I somewhat disagree with this. CD is favored when alignment is easy with extremely high probability. A moratorium is better given even a modest probability that alignment is hard, because the downside to misalignment is so much larger than the downside to a moratorium.[1] The same goes for SA—it’s only favored when you are extremely confident about alignment + timelines.

[1] Unless you believe a moratorium has a reasonable probability of permanently preventing friendly AI from being developed.
- MichaelDickens Dec 5, 2024, 1:31 AM
  10 points
  4
  Parent
  Also, I don’t feel that this article adequately addressed the downside of SA that it accelerates an arms race. SA is only favored when alignment is easy with high probability and you’re confident that you will win the arms race, and you’re confident that it’s better for you to win than for the other guy[1], and you’re talking about a specific kind of alignment where an “aligned” AI doesn’t necessarily behave ethically, it just does what its creator intends.
  
  [1] How likely is a US-controlled (or, more accurately, Sam Altman/Dario Amodei/Mark Zuckerberg-controlled) AGI to usher in a global utopia? How likely is a China-controlled AGI to do the same? I think people are too quick to take it for granted that the former probability is larger than the latter.
  - Sammy Martin Dec 11, 2024, 11:32 AM
    4 points
    0
    Parent
    We do discuss this in the article and tried to convey that it is a very significant downside of SA. All 3 plans have enormous downsides though, so a plan posing massive risks is not disqualifying. The key is understanding when these risks might be worth taking given the alternatives.
    CD might be too weak if TAI is offense-dominant, regardless of regulations or cooperative partnerships, and result in misuse or misalignment catastrophe
    If GM fails it might blow any chance of producing protective TAI and hand over the lead to the most reckless actors.
    SA might directly provoke a world war or produce unaligned AGI ahead of schedule.
    SA is favored when alignment is easy or moderately difficult (e.g. at the level where interpretability probes, scalable oversight etc. help) with high probability, and you expect to win the arms race. But it doesn’t require you to be the ‘best’. The key isn’t whether US control is better than Chinese control, but whether centralized development under any actor is preferable to widespread proliferation of TAI capabilities to potentially malicious actors
    Regarding whether the US (remember on SA there’s assumed to be extensive government oversight) is better than the CCP: I think the answer is yes and I talk a bit more about why here. I don’t consider US AI control being better than Chinese AI control to be the most important argument in favor of SA, however. That fact alone doesn’t remotely justify SA: you also need easy/moderate alignment and you need good evidence than an arms race is likely unavoidable regardless of what we recommend.
- Nathan Helm-Burger Dec 6, 2024, 5:17 AM
  4 points
  −6
  Parent
  I think moratorium is basically intractable short of a totalitarian world government cracking down on all personal computers.
  
  Unless you mean just a moratorium on large training runs, in which case I think it buys a minor delay at best, and comes with counterproductive pressures on researchers to focus heavily on diverse small-scale algorithmic efficiency experiments.
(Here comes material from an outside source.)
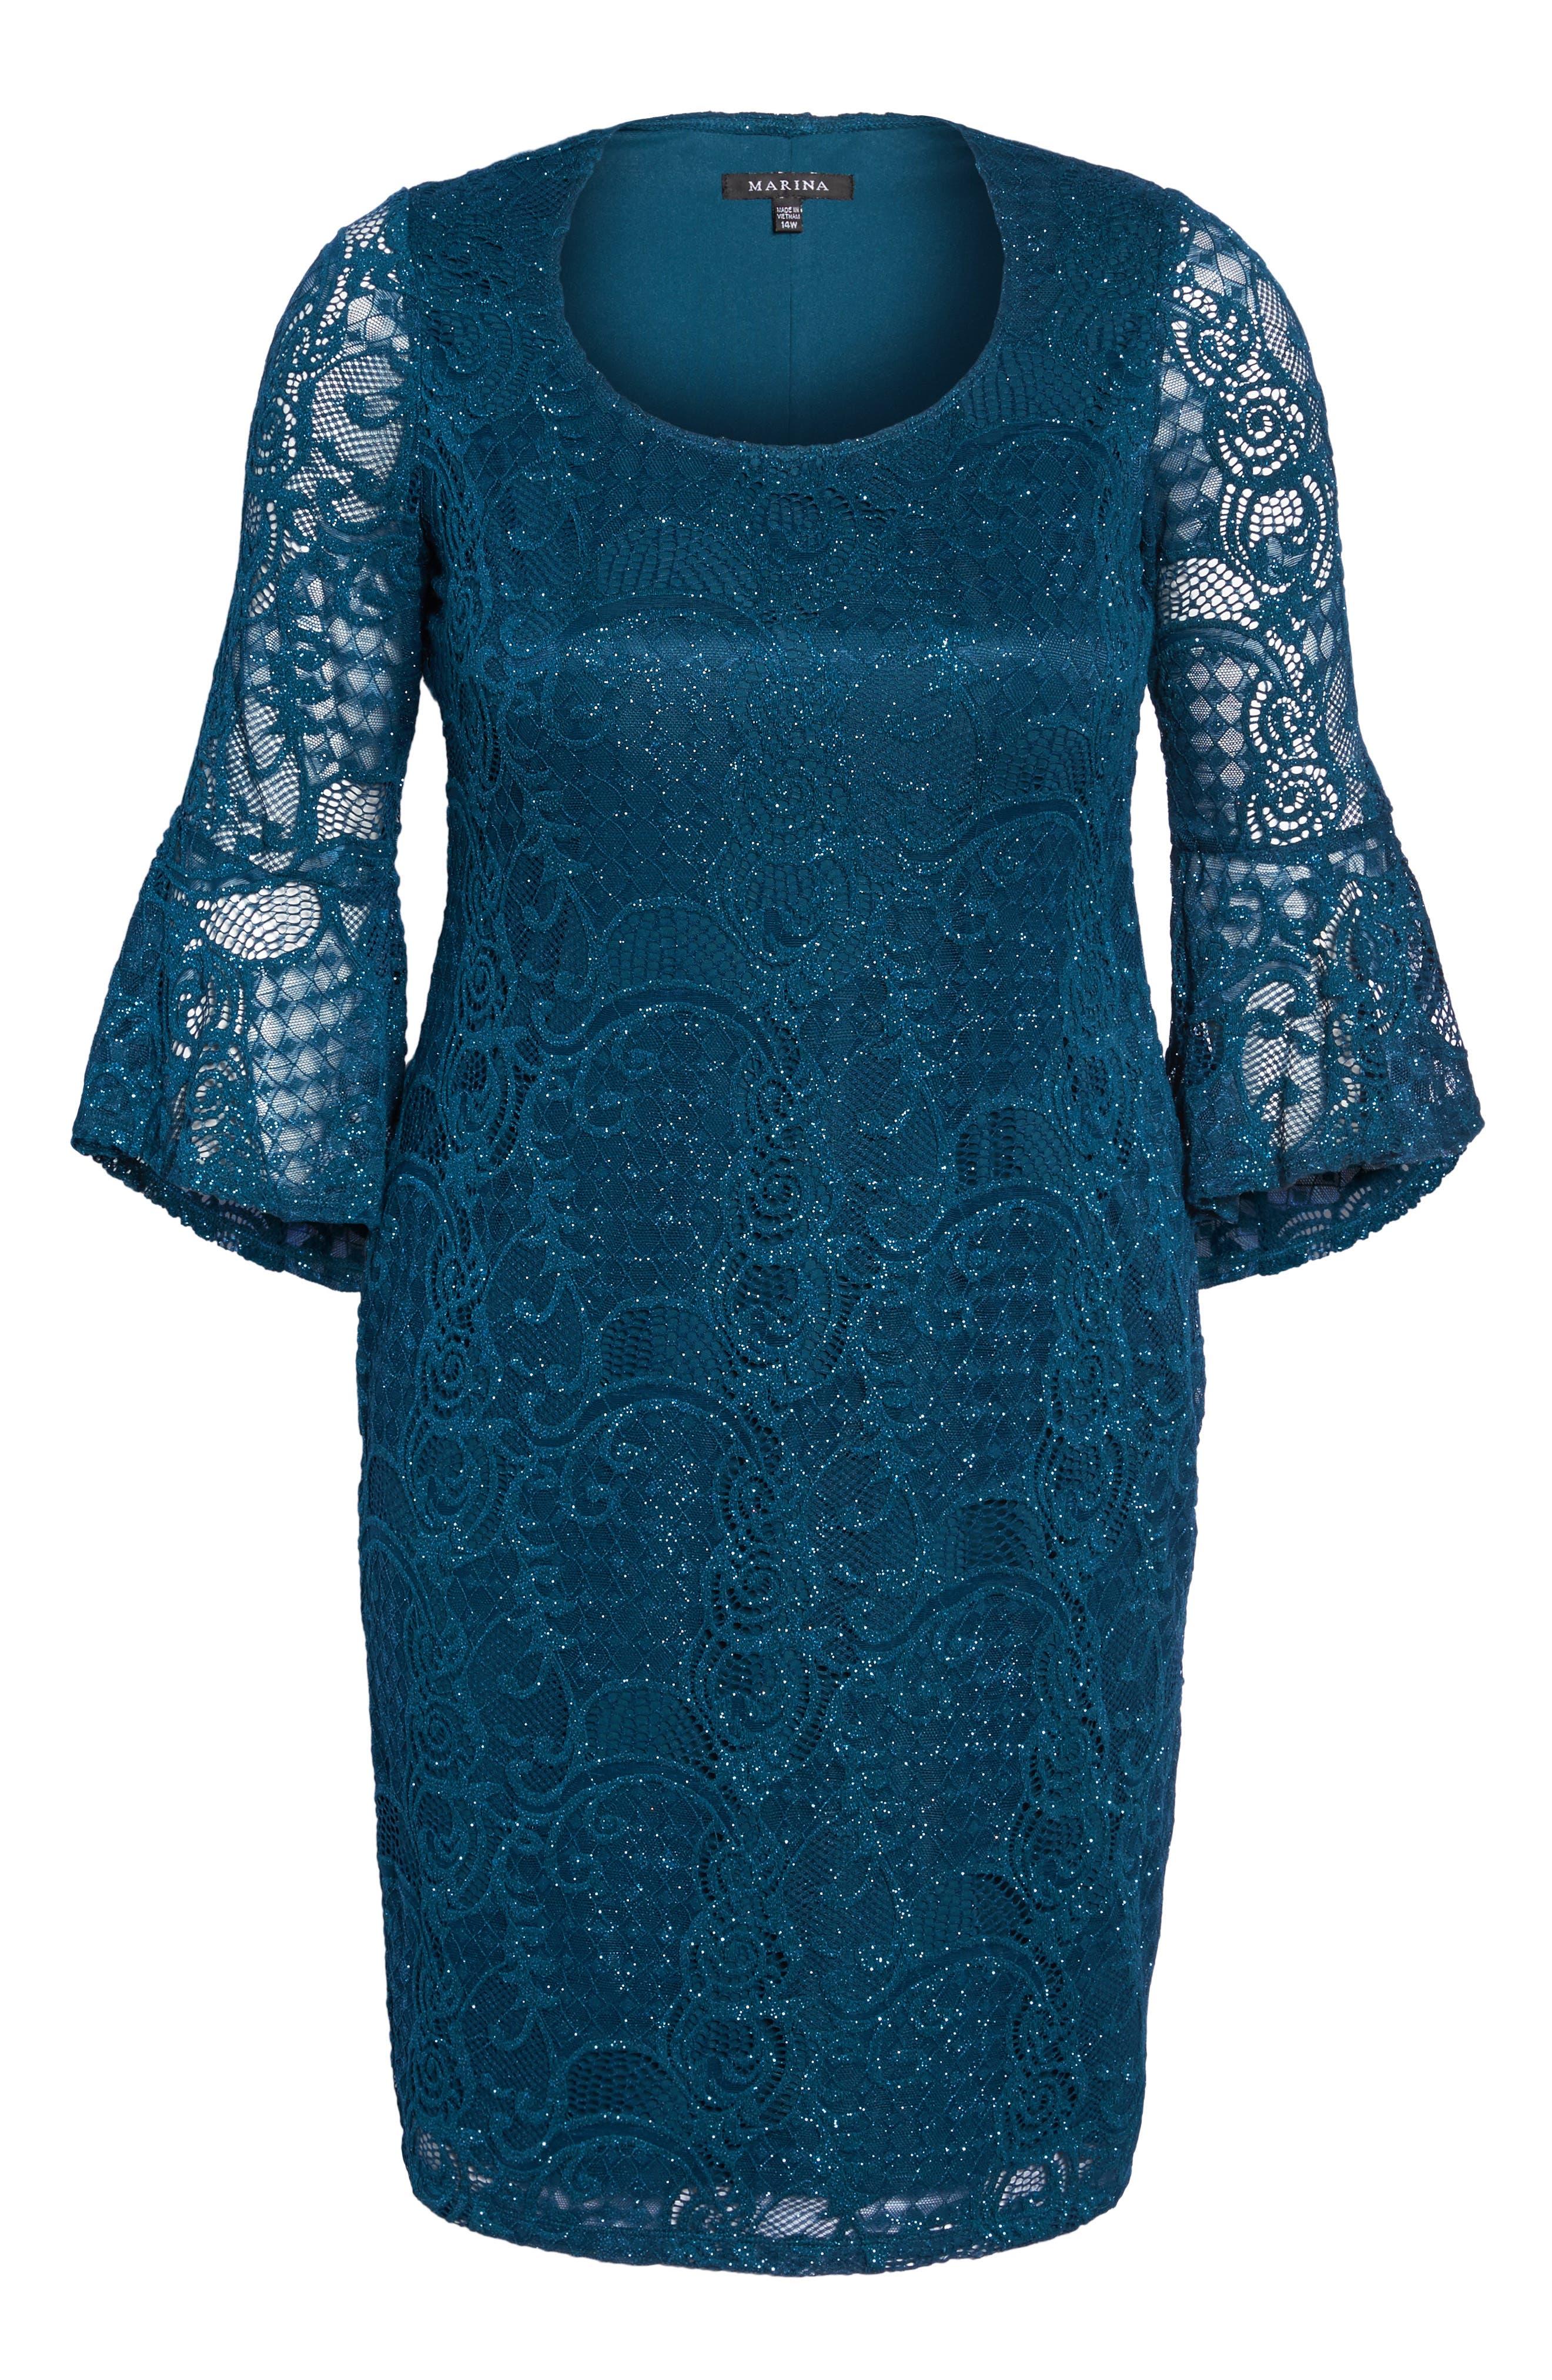 Bell Sleeve Glitter Lace Sheath Dress,                             Alternate thumbnail 6, color,                             412

  - MichaelDickens Dec 6, 2024, 7:27 PM
    1 point
    0
    Parent
    I don’t think controlling compute would be qualitatively harder than controlling, say, pseudoephedrine.
    
    (I think it would be harder, but not qualitatively harder—the same sorts of strategies would work.)
    - Nathan Helm-Burger Dec 7, 2024, 12:00 AM
      2 points
      0
      Parent
      I agree that some amount of control is possible.
      
      But if we are in a scenario in the future where the offense-defense balance of bioweapons remains similar to how it is today, then a single dose of pseudoephedrine going unregulated by the government and getting turned into methamphetamine could result in the majority of humanity being wiped out.
      
      Pseudoephedrine is regulated, yes, but not so strongly that literally none slips past the enforcement. With the stakes so high, a mostly effective enforcement scheme doesn’t cut it.
      - MichaelDickens Dec 7, 2024, 1:55 AM
        3 points
        3
        Parent
        That’s only true if a single GPU (or small number of GPUs) is sufficient to build a superintelligence, right? I expect it to take many years to go from “it’s possible to build superintelligence with a huge multi-billion-dollar project” and “it’s possible to build superintelligence on a few consumer GPUs”. (Unless of course someone does build a superintelligence which then figures out how to make GPUs many orders of magnitude cheaper, but at that point it’s moot.)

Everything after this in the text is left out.